Благодаря механизмам, понятным лишь частично, высокие уровни ApoB, особенно связанные с более высокими концентрациями частиц ЛПНП, являются основным фактором бляшки это причина сосудистое заболевание (атеросклероз ), обычно сначала становясь явно симптоматический в качестве сердечное заболевание, Инсульт и многие другие осложнения на весь организм после десятилетий прогрессирования. Существуют значительные доказательства того, что концентрации ApoB[5][6] и особенно ЯМР анализ[7] (специфические для концентраций частиц ЛПНП) являются лучшими индикаторами физиологии сосудистых / сердечных заболеваний, чем общий холестерин или холестерин ЛПНП (при условии, что Национальные институты здравоохранения США с начала 1970-х годов). Однако, прежде всего, по причинам исторической стоимости / сложности, холестерина и оценочных ЛПНП-холестерин по расчету, остается наиболее часто продвигаемым липидным тестом на фактор риска атеросклероза. ApoB обычно измеряется с помощью иммуноанализов, таких как ELISA или же нефелометрия. Утонченный и автоматизированный ЯМР Методы позволяют измерять различия между множеством различных частиц ApoB.

Генетические нарушения

Высокий уровень ApoB связан с сердечными заболеваниями.Гипобеталипопротеинемия это генетическое расстройство что может быть вызвано мутацией в гене ApoB, APOB. Абеталипопротеинемия обычно вызвано мутацией в гене MTP, MTP.

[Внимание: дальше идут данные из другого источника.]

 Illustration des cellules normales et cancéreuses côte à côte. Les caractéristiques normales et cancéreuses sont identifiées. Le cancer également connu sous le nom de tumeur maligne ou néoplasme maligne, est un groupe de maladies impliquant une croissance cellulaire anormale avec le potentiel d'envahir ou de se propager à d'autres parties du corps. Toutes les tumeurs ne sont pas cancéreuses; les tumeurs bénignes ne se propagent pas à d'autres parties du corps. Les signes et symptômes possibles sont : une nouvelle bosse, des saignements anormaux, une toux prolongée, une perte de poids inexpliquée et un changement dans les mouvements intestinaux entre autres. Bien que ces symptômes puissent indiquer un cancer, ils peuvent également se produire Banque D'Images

Мутации в гене APOB100 также может вызвать семейная гиперхолестеринемия, наследственная (аутосомно-доминантная) форма нарушения обмена веществ Гиперхолестеринемия.

Исследования на мышах

Наиболее важная информация о гомологе мышиного ApoB, mApoB, получена из мышь исследования. Мыши со сверхэкспрессией mApoB имеют повышенные уровни «плохого холестерина» ЛПНП и сниженные уровни HDL «хороший холестерин».[8] Мыши, содержащие только одну функциональную копию гена mApoB, демонстрируют противоположный эффект, будучи устойчивыми к гиперхолестеринемия. Мыши, не содержащие функциональных копий гена, нежизнеспособны.[9]

Молекулярная биология

В белок происходит в плазма в 2 основных изоформах, ApoB48 и ApoB100. Первый синтезируется исключительно тонкий кишечник, второй по печень.[10] АпоВ-100 - самый крупный из белков группы апоВ, состоящий из 4563 аминокислот.[10] Обе изоформы кодируются APOB и одним мРНК транскрипт больше 16 кб. ApoB48 генерируется, когда стоп-кодон (UAA) в остатке 2153 создается Редактирование РНК. Кажется, есть транс-активный тканеспецифический ген сплайсинга, который определяет, какая изоформа в конечном итоге продуцируется.[нужна цитата ] С другой стороны, есть некоторые свидетельства того, что СНГ-действующий элемент несколько тысяч бп upstream определяет, какая изоформа производится.[нужна цитата ]

В результате редактирования РНК ApoB48 и ApoB100 имеют общую N-концевую последовательность, но ApoB48 не имеет C-конца ApoB100. Рецептор ЛПНП область связывания. Фактически, ApoB48 называется так, потому что он составляет 48% последовательности для ApoB100.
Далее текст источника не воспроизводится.